At first, let’s port-forward the respective service for the Grafana dashboard so that we can access it through our browser locally.

$ kubectl port-forward -n monitoring service/prometheus-stack-grafana 3000:80
Forwarding from 127.0.0.1:3000 -> 3000
Forwarding from [::1]:3000 -> 3000

Now, go to http://localhost:3000 in your browser and login to your Grafana UI. If you followed the Prometheus Operator guide to deploy your Prometheus stack, then the default username and password should be admin, and prom-operator respectively.

Then, on the Grafana UI, click the + icon from the left sidebar and then click on Import button as below,

Import NooBaa Grafana Dashboard: Step 1
Fig: Import NooBaa Grafana Dashboard (Step 1)

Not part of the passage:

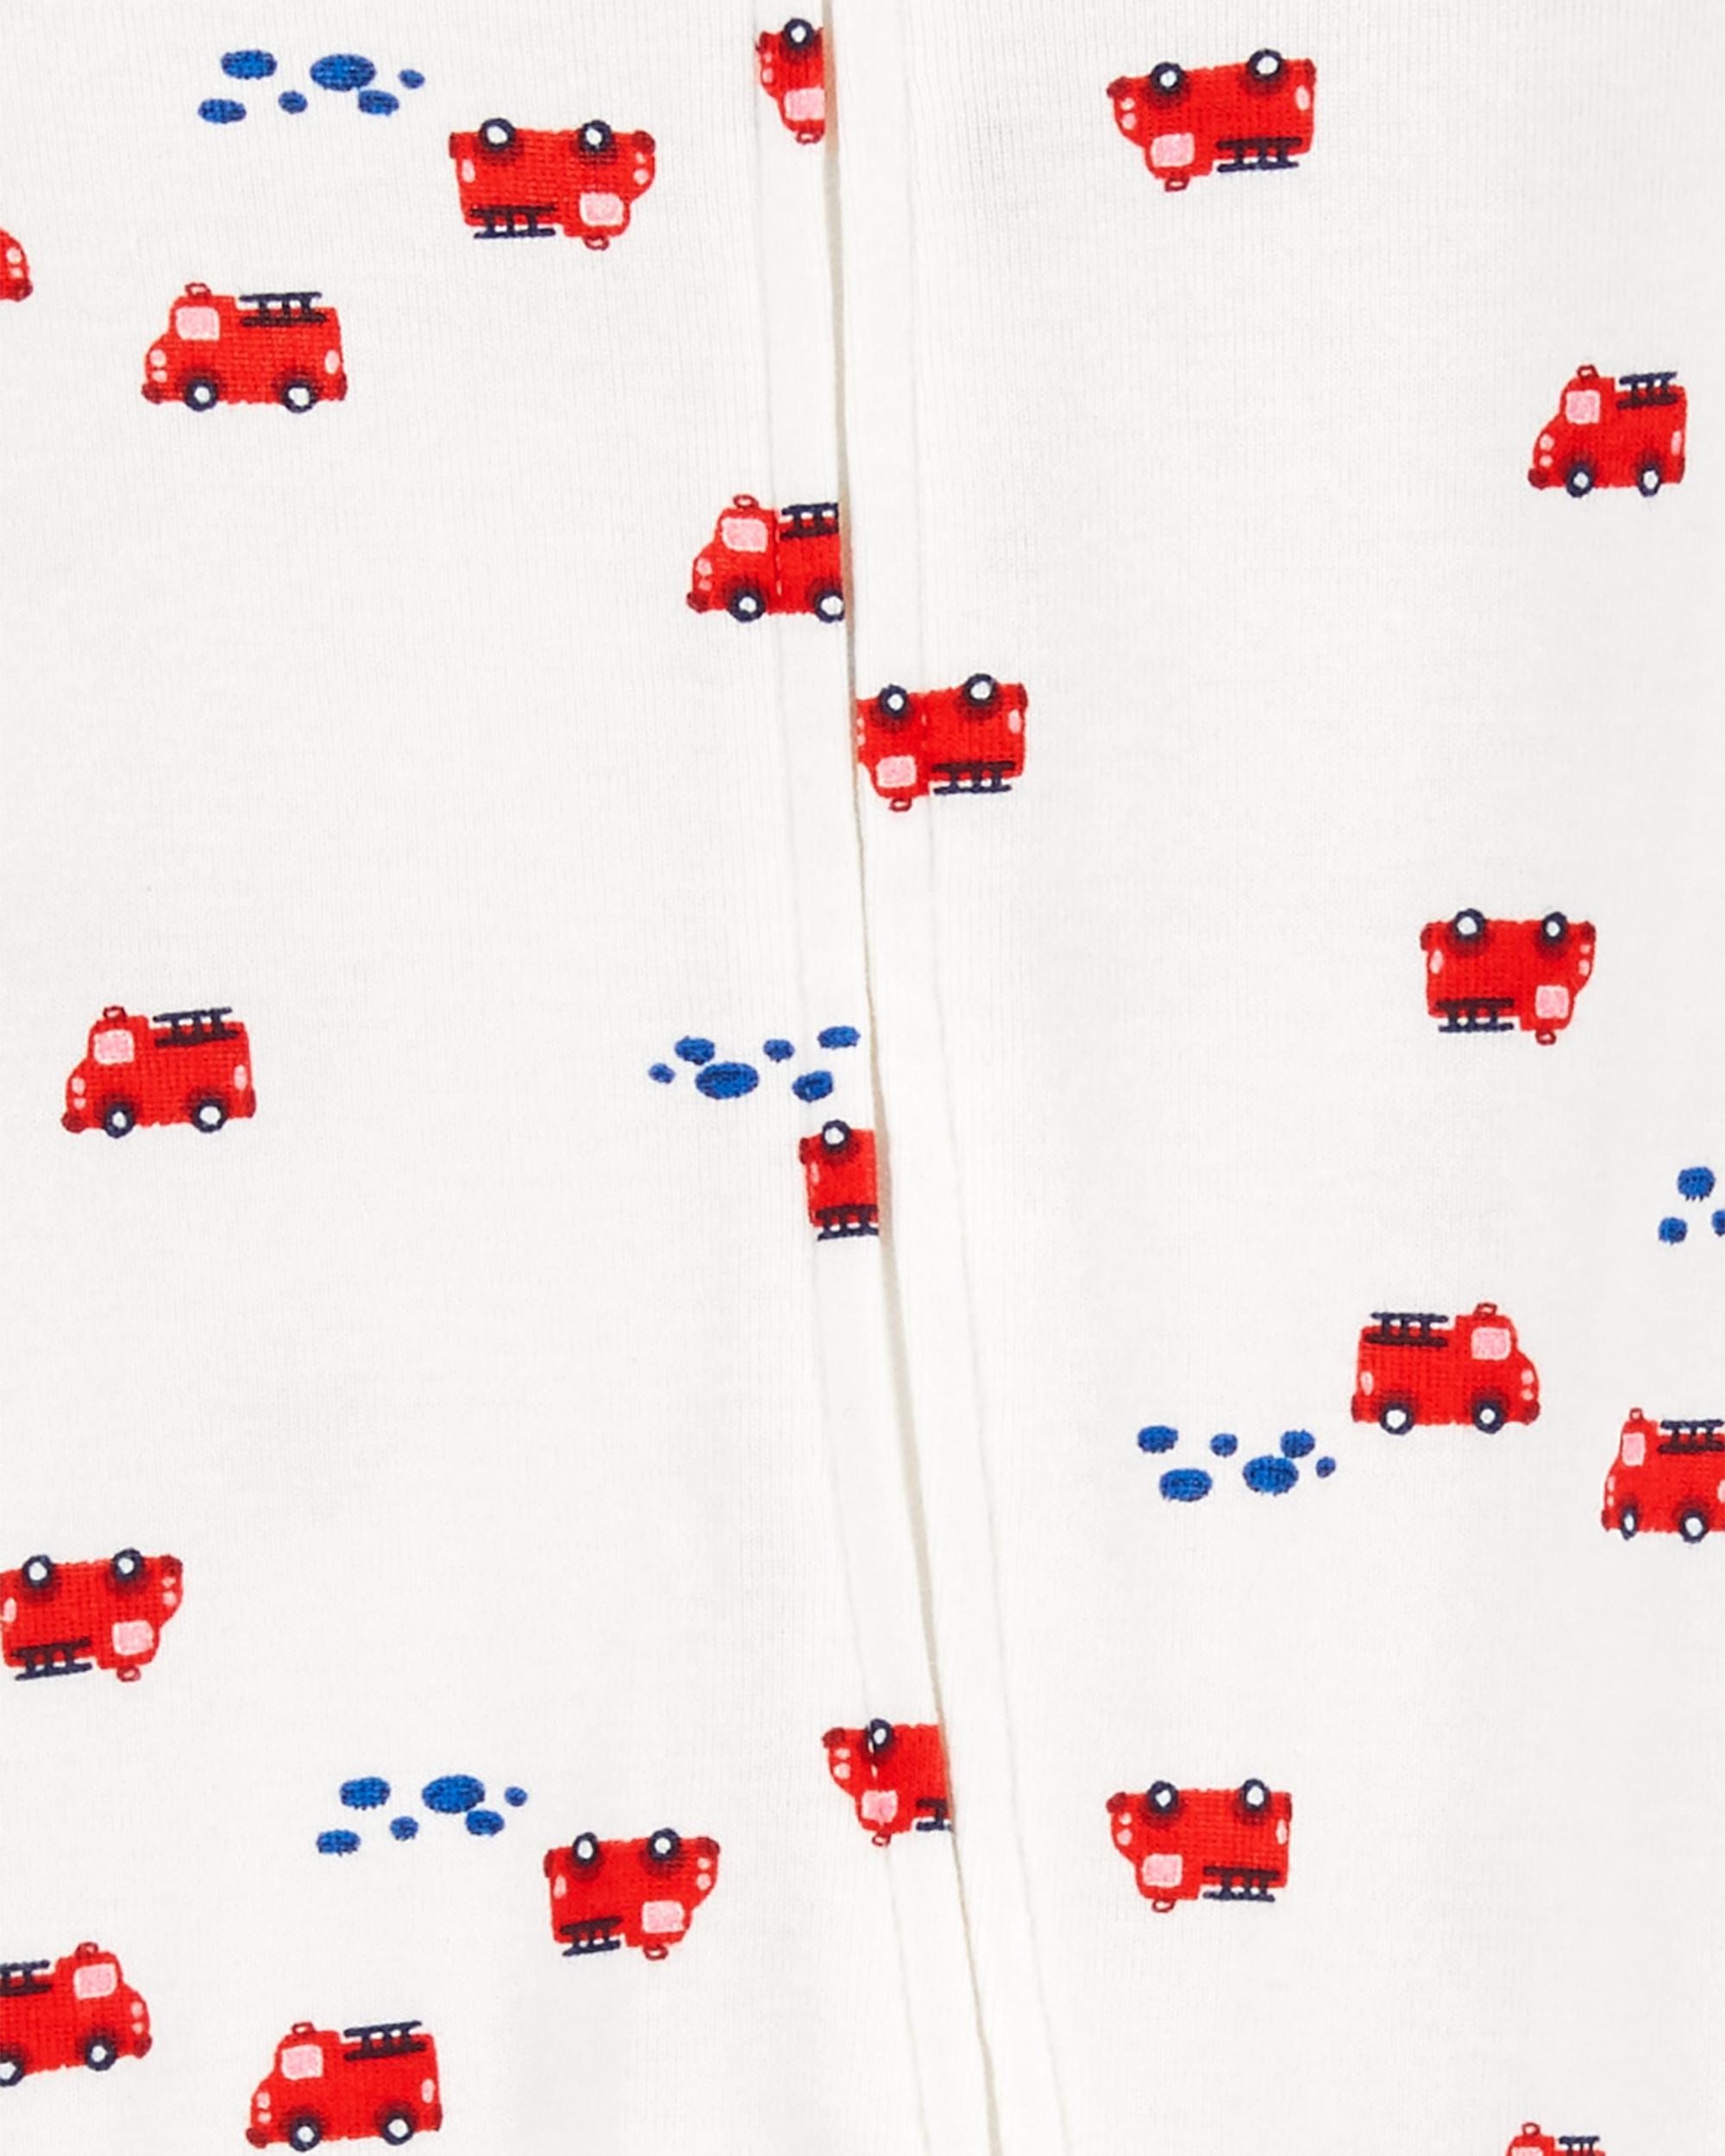 Baby 2-Pack 2-Way Zip Cotton Sleeper Pyjamas

Then, on the import UI, you can either upload the noobaa_dashboard.json file by clicking the Upload JSON file button or you can paste the content of the JSON file in the text area labeled as Import via panel json.

Import NooBaa Grafana Dashboard: Step 2
Fig: Import NooBaa Grafana Dashboard (Step 2)

If you followed the instruction properly, you should see the NooBaa Grafana dashboard in your Grafana UI.

NooBaa Grafana Dashboard
Fig: NooBaa Grafana Dashboard